Details on study design:

- Duration of observation period following administration: 14 days
- Frequency of observations and weighing: The animals were examined for viability twice during during the week and once dialy during weekends. Body weights were recorded on the day prior to dosing (pretest), the day of dosing (Day 0), on Day 7, Day 14, and at death for animals which succumbed prior to study termination.
- Necropsy of survivors performed: yes
- Other examinations performed: Clincila observations were made as to the nature, onset, severity, and duration of toxicoloigical signs at 1, 2, 4, and 6 h after dosing, and once per day thereafter for a total of 14 d. The time of death was recorded, as precisely as possible, for animals which succumbed prior to study termination.

Statistics:

Statistical analysis included means and standard deviations of body weight and body weight change by group and sex.

Results and discussion

Mortality:

Two female animals died prior to study termination. On Days 0 and/or 1, one of the animals was observed with oral and ocular discharge, dyspnea, wet rales, and hypoactivity. The other animal was observed with abdominal/ anogenital staining and soft stool. Both animals were found dead on Day 2.

Clinical signs:

other: Clinical signs of the 8 animals wich survived to study termination included oral or nasal discharge, decreased food consumption, emaciated, staining of the skin/ fur, and /or stool abnormalities.
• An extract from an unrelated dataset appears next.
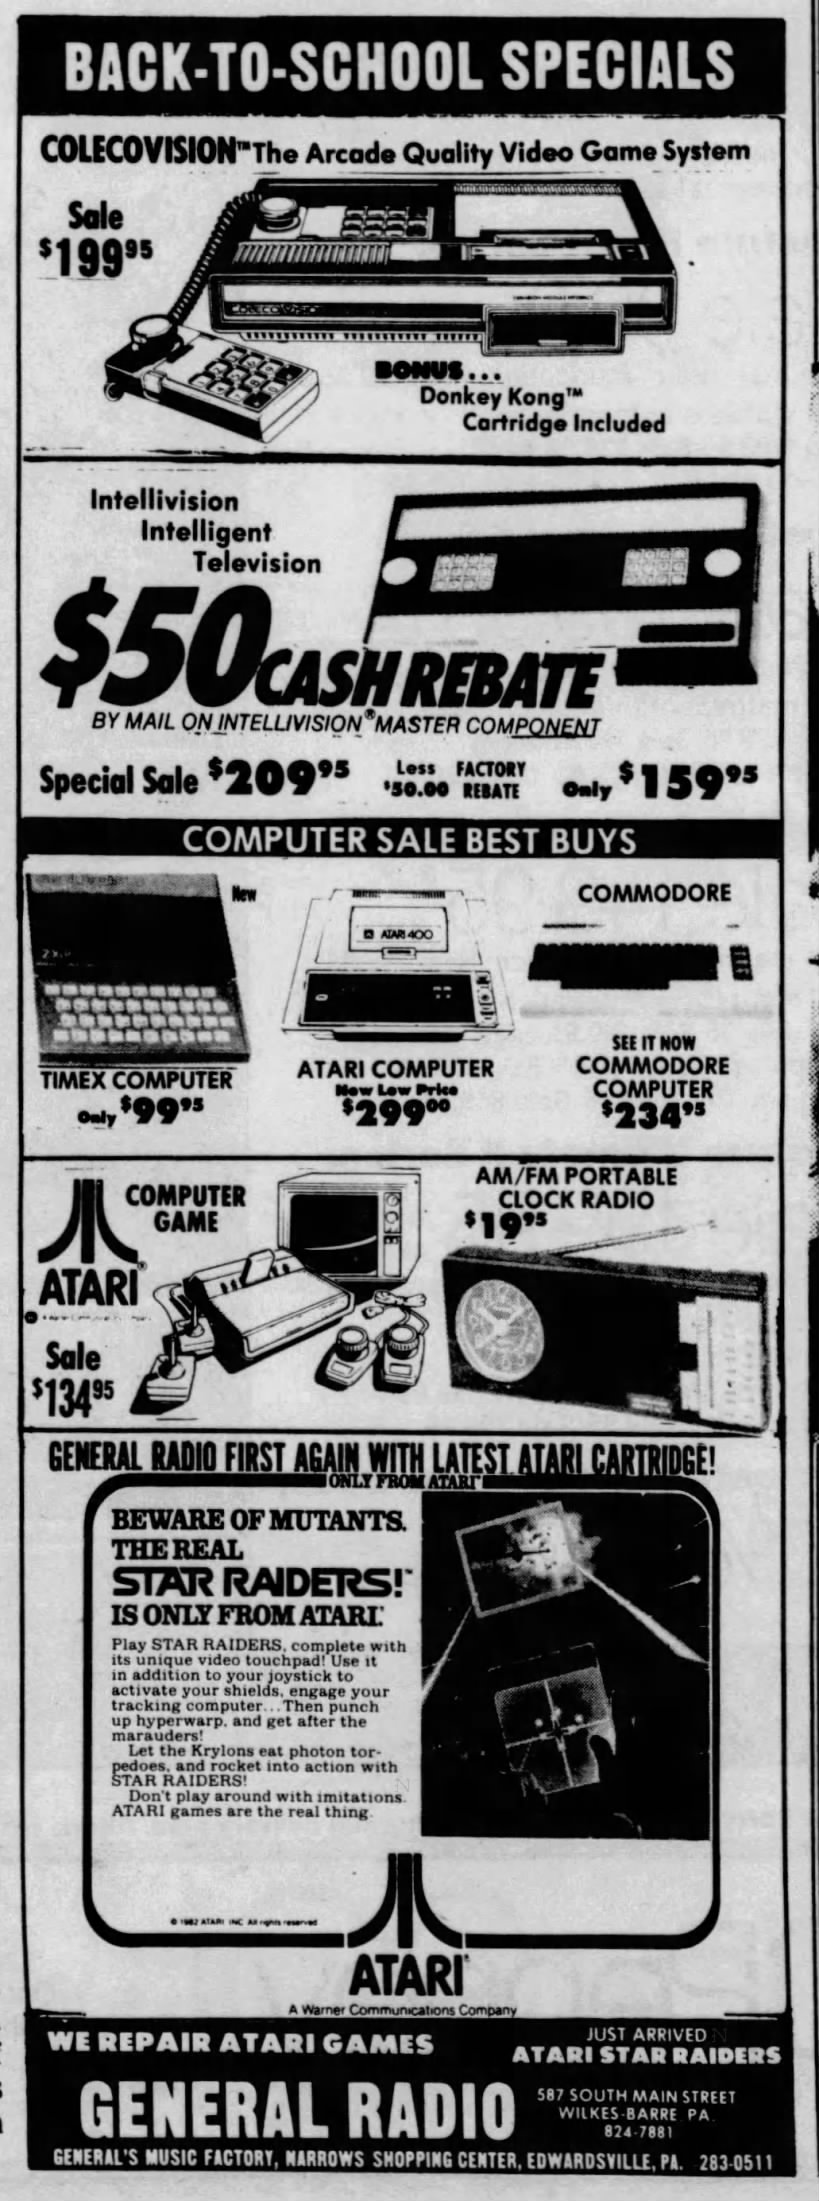 Atari 2600: GENERAL RADIO (Sep 16, 82)

These signs were observed primarily from Day 2 to Day 7, b

Gross pathology:

All animals whcih survived to study termination were without gross abnormalities at postmortem examination.
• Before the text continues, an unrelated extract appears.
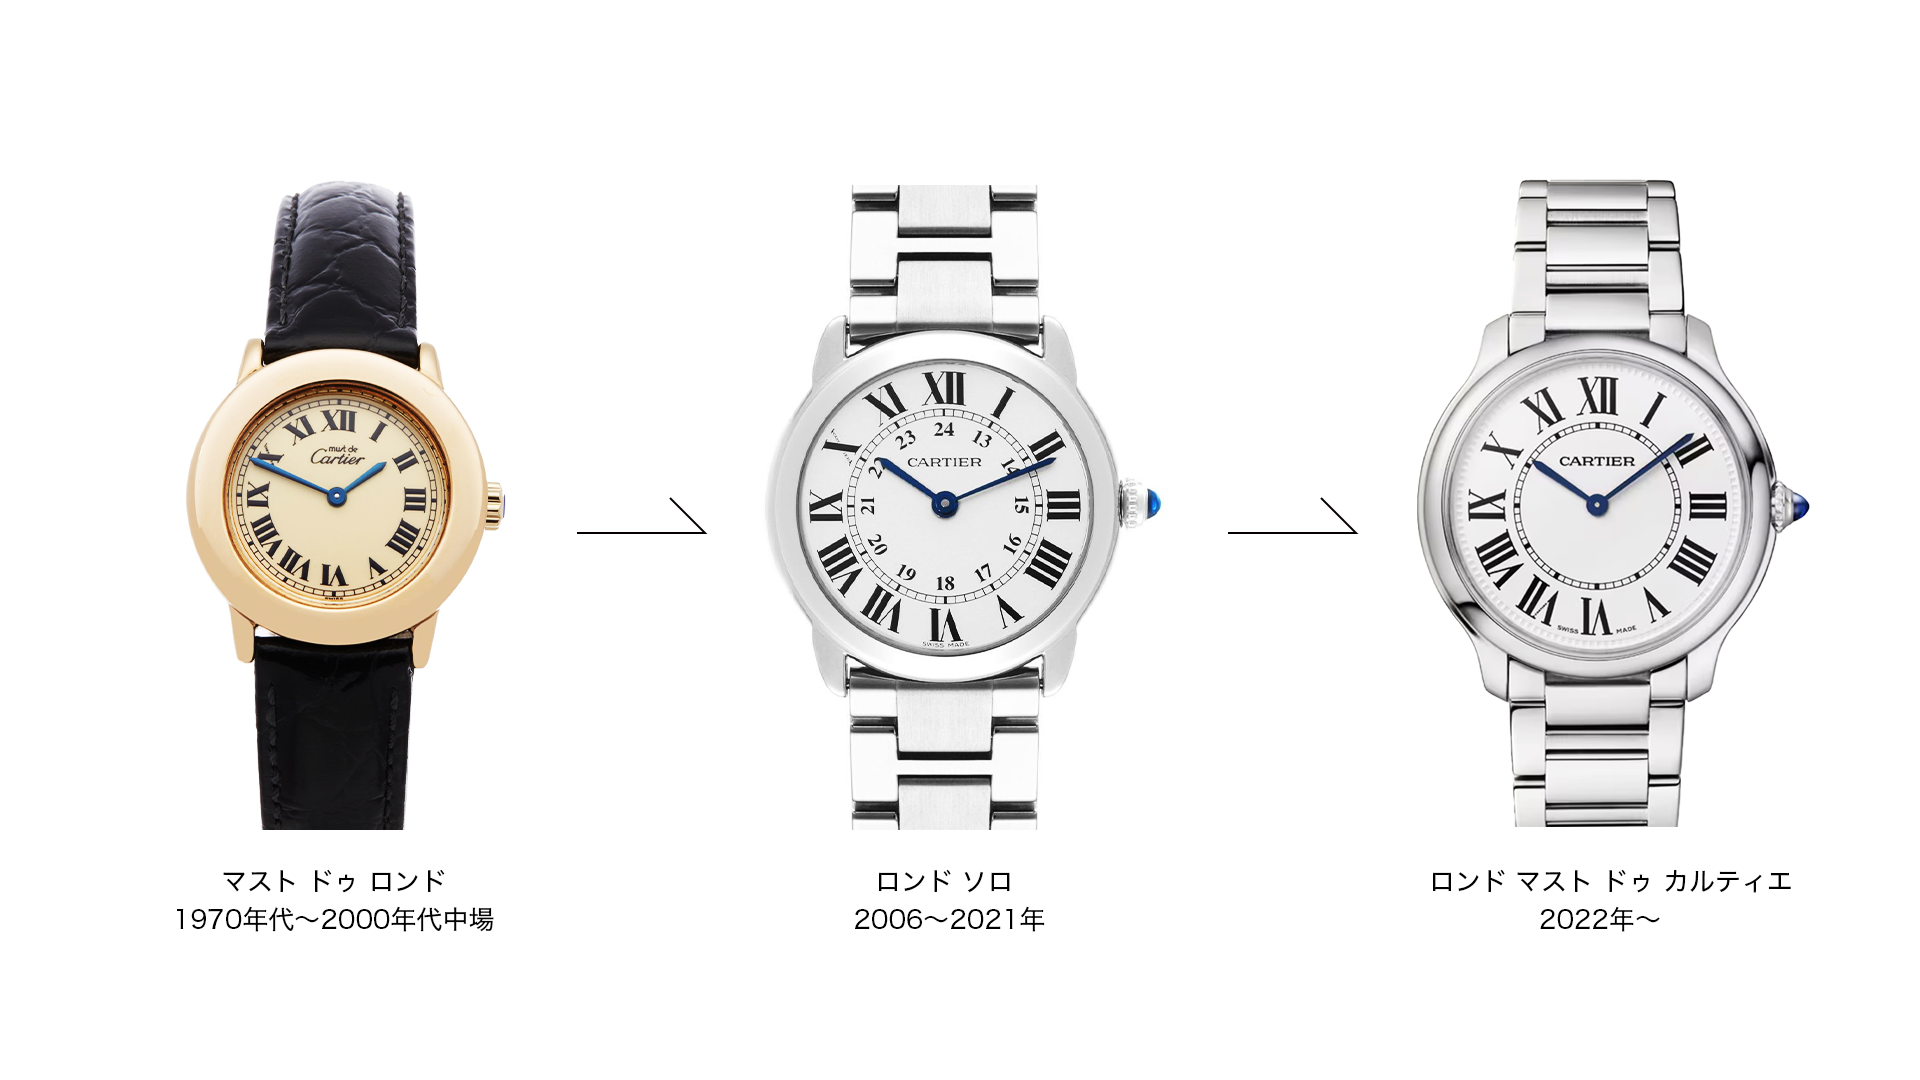 カルティエの腕時計『マスト ドゥ ロンドからロンドソロからロンドマスト』までの進化の系譜

Gross postmortem observations of the 2 females that succumbed included doscoloured liver and/or lungs, consolidated lungs, this/ discoloured stomach lining, roughened glandular portion of the stomach, distended/ discoloured small intestine, and/or staining of the skin/ fur.

Any other information on results incl. tables

Please see the attached tables:

Table 1: Individual inlife observations

Table 2: Individual body weight

Table 3: Individual body weight changes

Table 4: Individual gross postmortem observations

Applicant's summary and conclusion

Interpretation of results:

GHS criteria not met

Conclusions:

The acute oral toxicity of the test material was assessed in accordance with OECD Guideline 401. Overt signs of toxicity were apparent at a dose level of 2000 mg/kg in all animals as indicated by adverse clinical signs and/or body weight gain suppression, as well as mortality in 2 of the 10 animals. All surviving animals appeared to recover by Day 12. Based on the results of this study, the test material elicited evidence of toxicity at a dose of 2000 mg/kg, but the LD50 is > 2000 mg/kg. As such, the test material does not meet the criteria for classification.